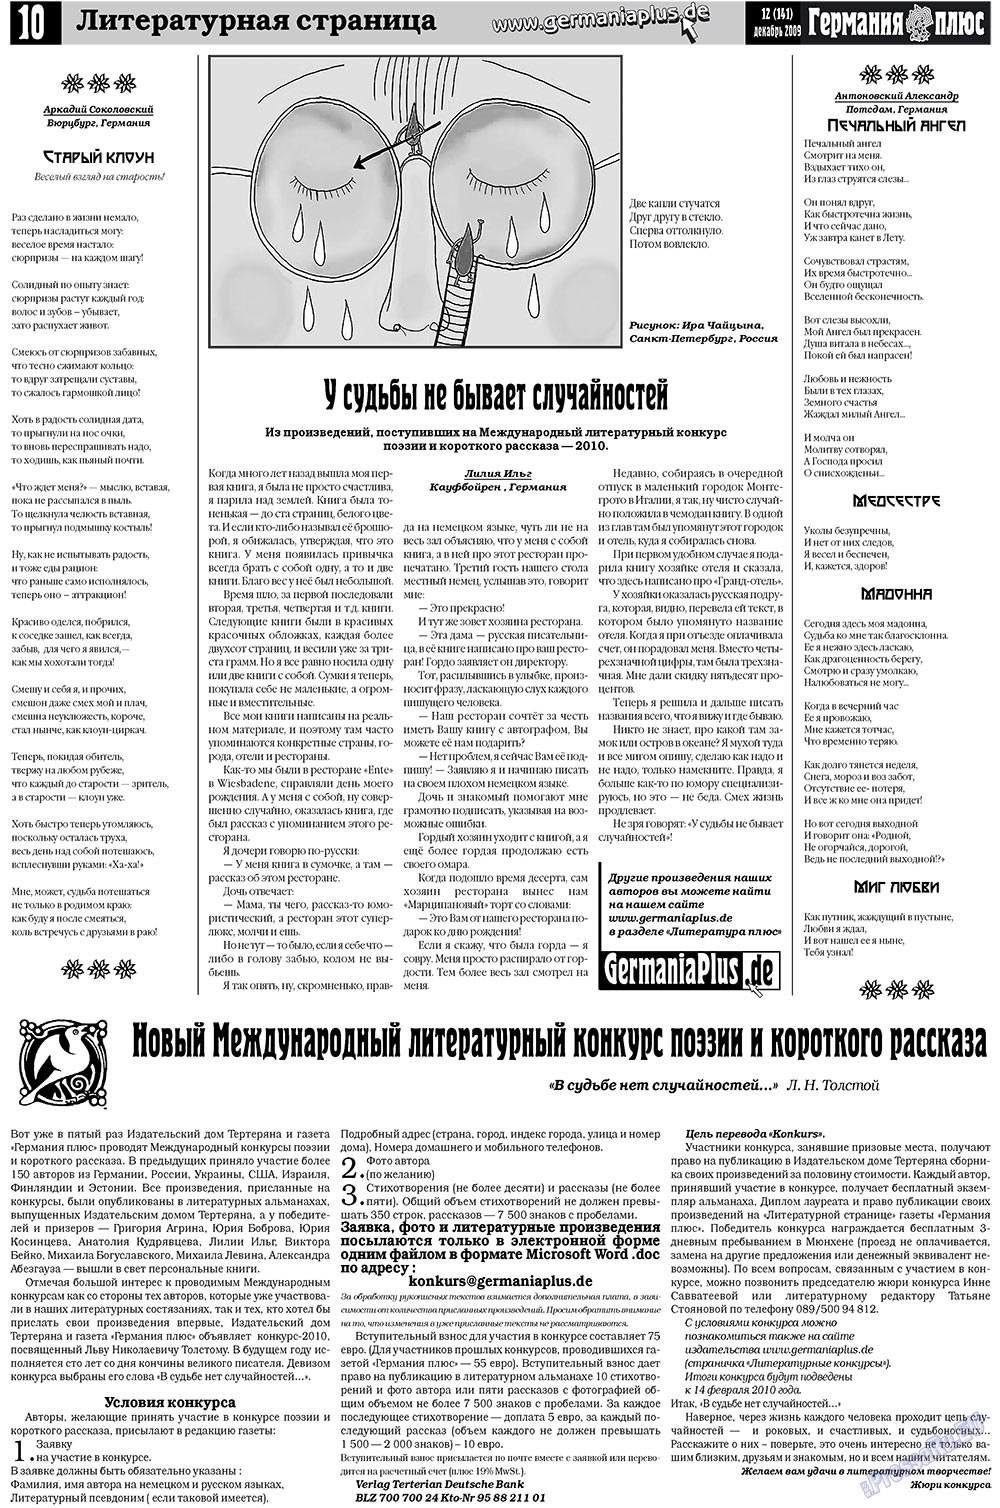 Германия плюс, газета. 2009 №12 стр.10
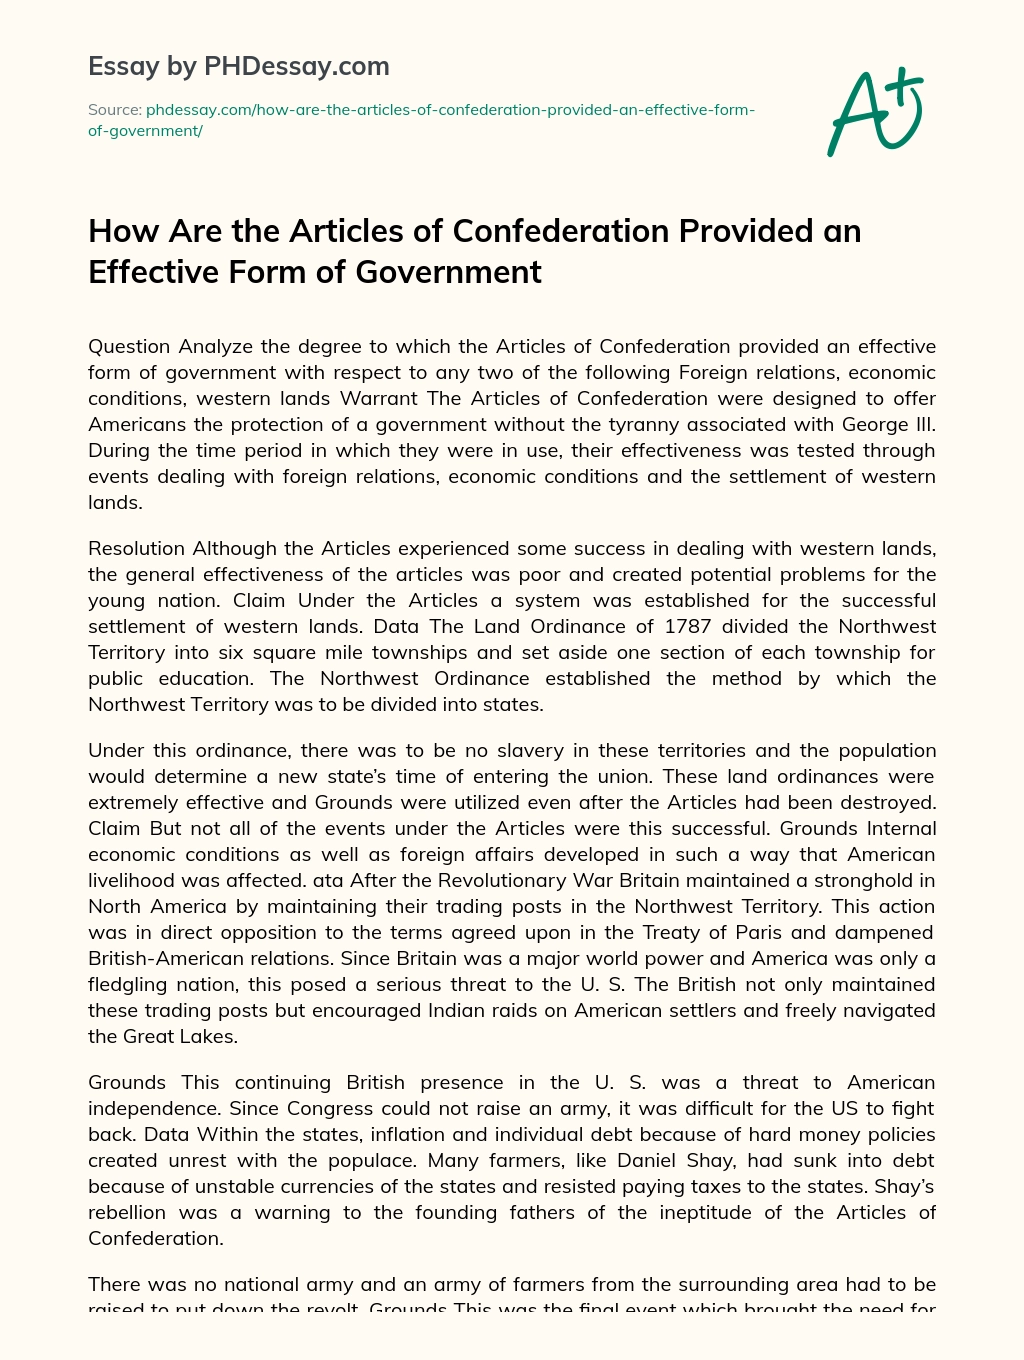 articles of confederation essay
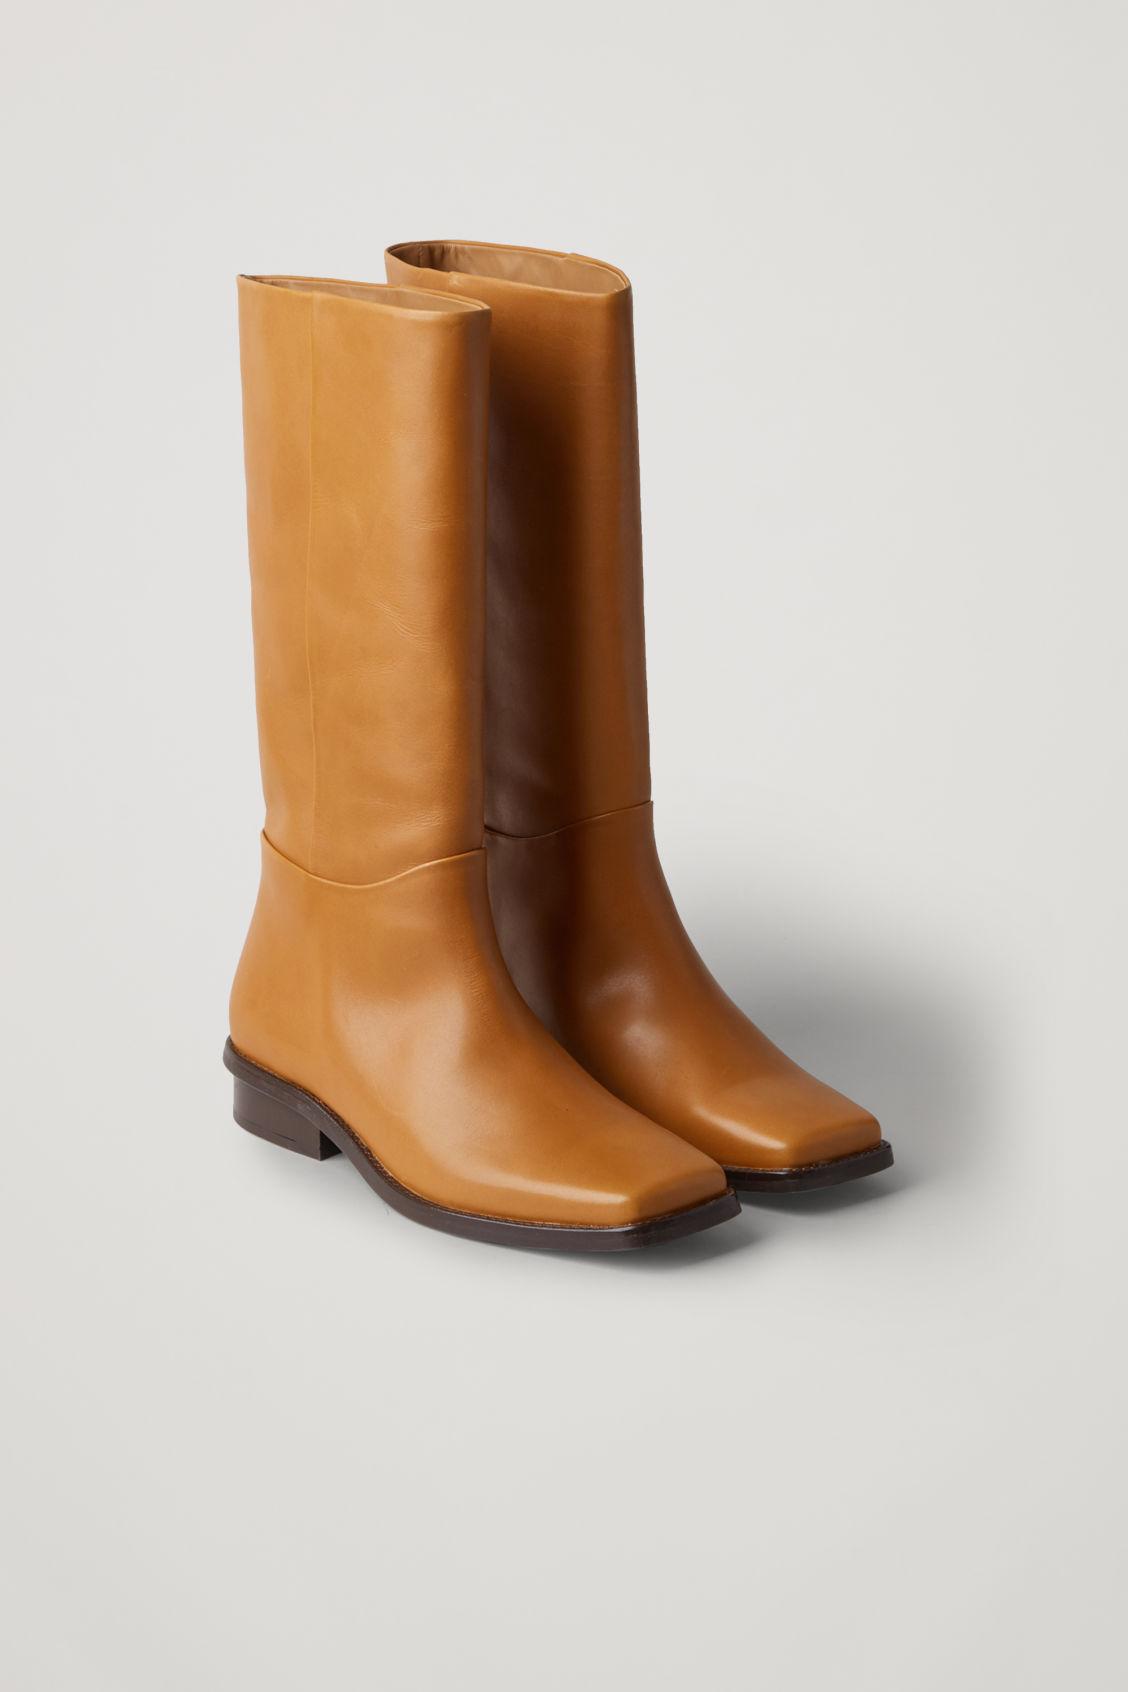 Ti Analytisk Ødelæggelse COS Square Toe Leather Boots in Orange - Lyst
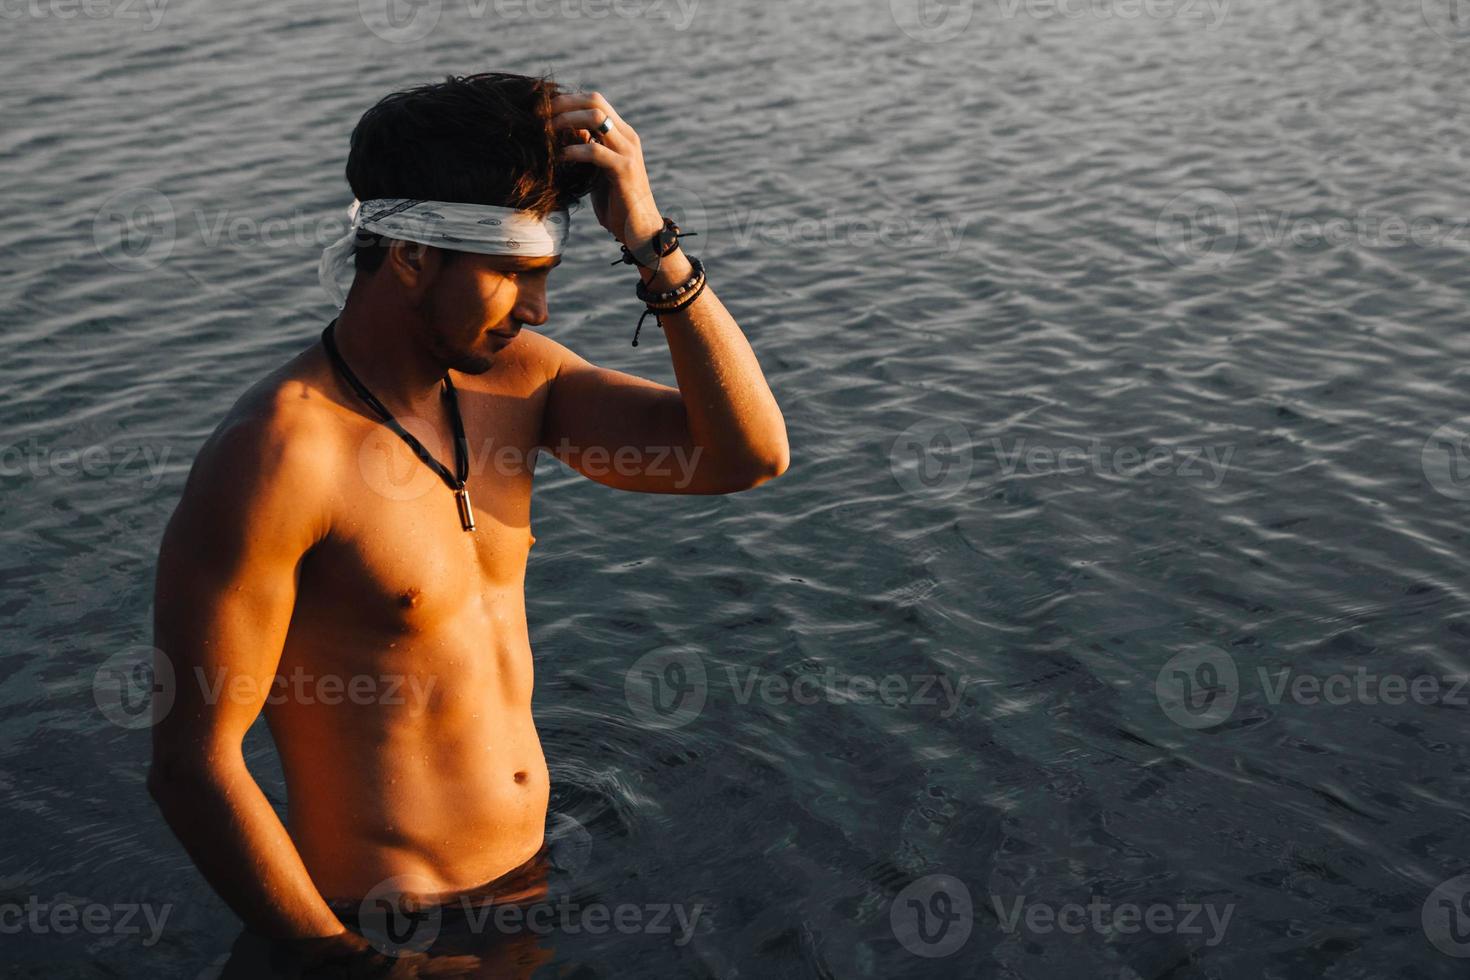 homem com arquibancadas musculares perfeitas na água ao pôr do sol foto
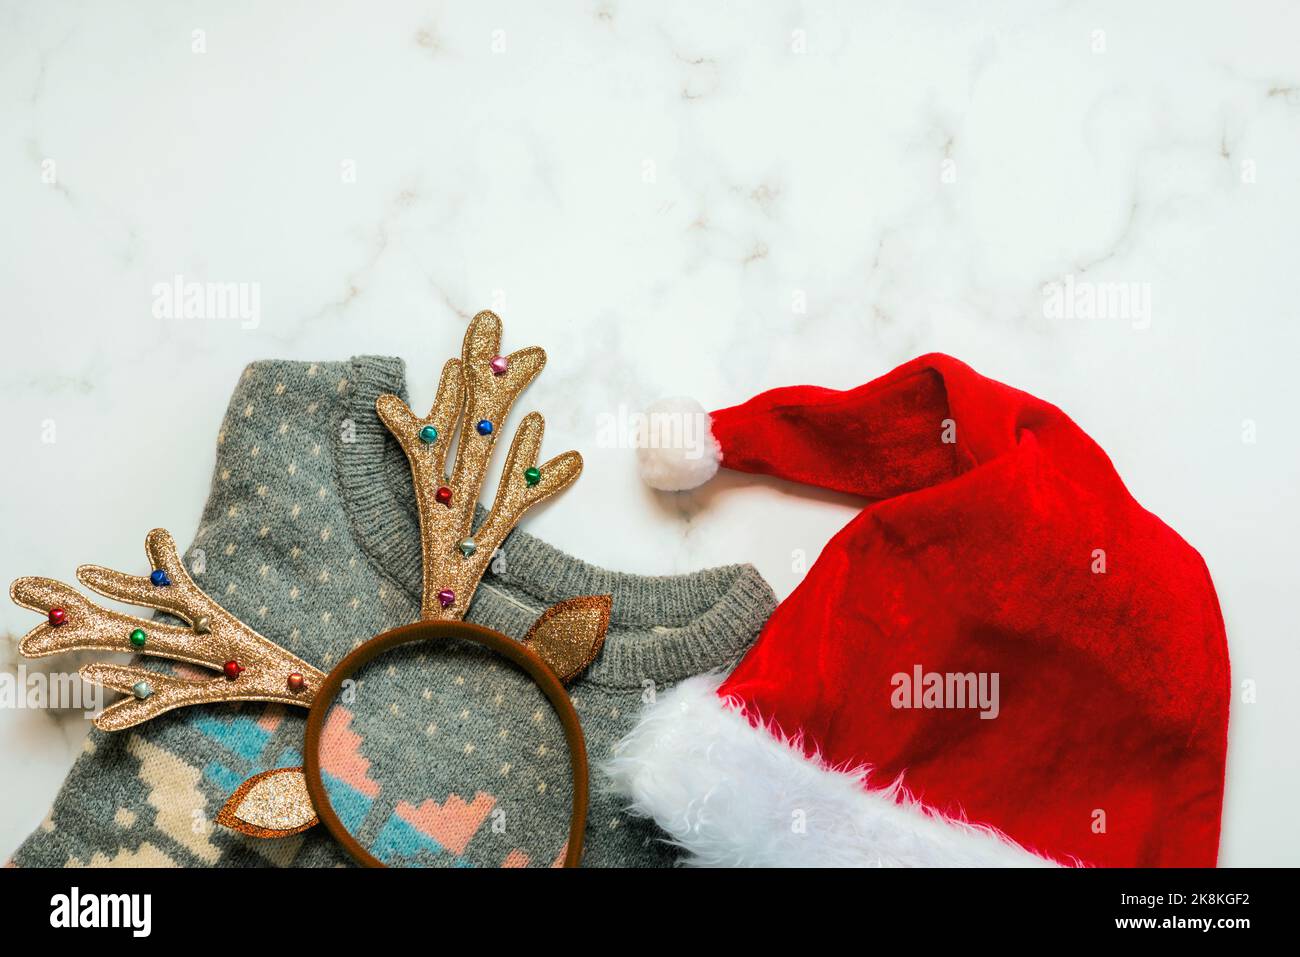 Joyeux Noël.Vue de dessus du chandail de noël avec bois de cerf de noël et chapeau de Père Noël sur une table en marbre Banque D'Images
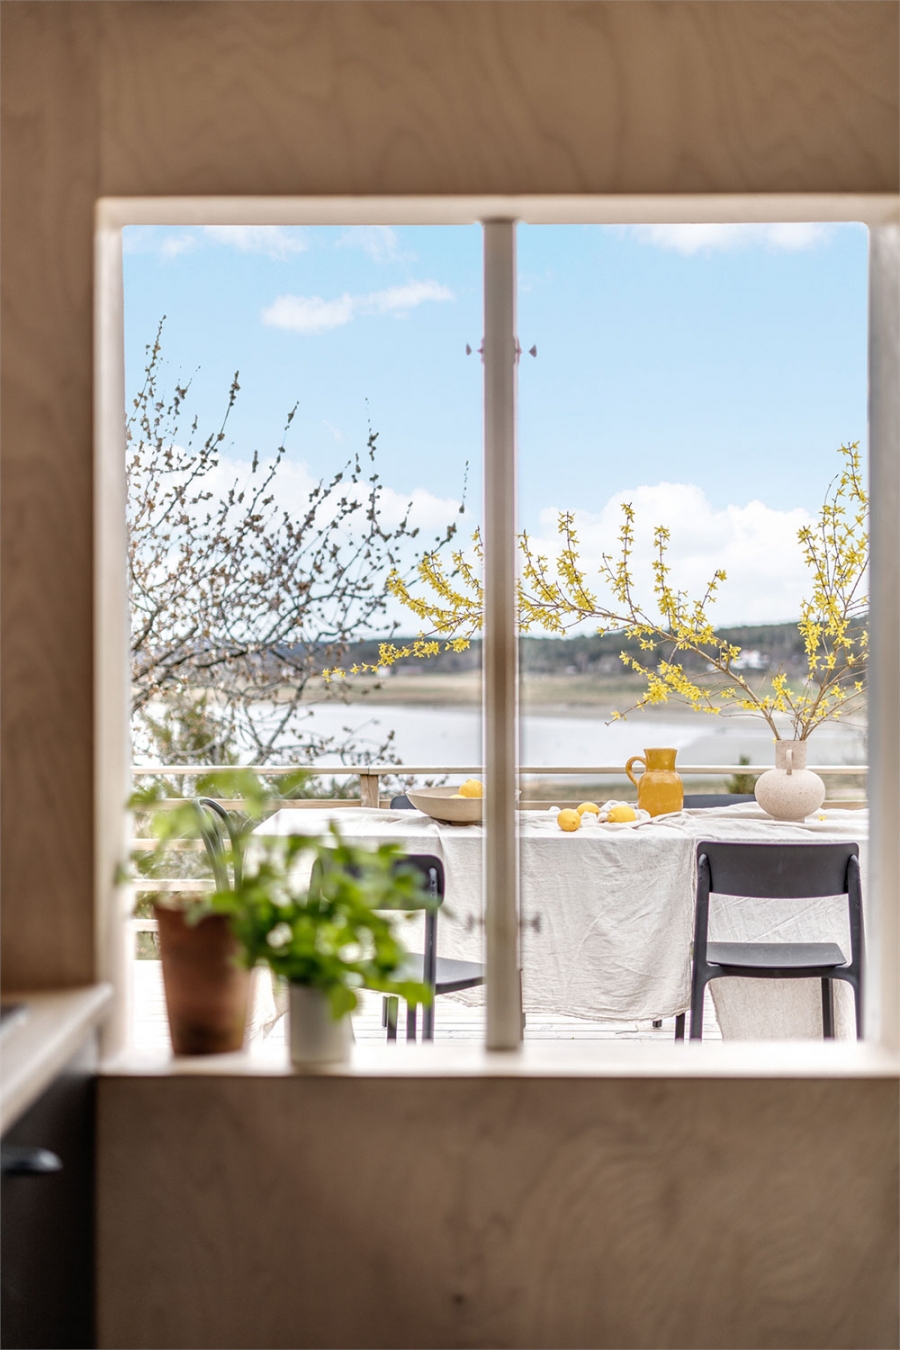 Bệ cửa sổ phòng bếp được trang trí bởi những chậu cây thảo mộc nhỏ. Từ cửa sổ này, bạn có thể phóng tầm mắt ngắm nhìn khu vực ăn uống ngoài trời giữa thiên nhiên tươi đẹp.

*****

**WHAT TO WORK ON:** Starting from the line where "articles of confederation essay" appears, copy every line through the end of the material, both ends included, but no pictures.

**ANSWER BELOW:**
 articles of confederation essay
 Ti Analytisk Ødelæggelse COS Square Toe Leather Boots in Orange - Lyst
 homem com arquibancadas musculares perfeitas na água ao pôr do sol foto
 Joyeux Noël.Vue de dessus du chandail de noël avec bois de cerf de noël et chapeau de Père Noël sur une table en marbre Banque D'Images
 Bệ cửa sổ phòng bếp được trang trí bởi những chậu cây thảo mộc nhỏ. Từ cửa sổ này, bạn có thể phóng tầm mắt ngắm nhìn khu vực ăn uống ngoài trời giữa thiên nhiên tươi đẹp.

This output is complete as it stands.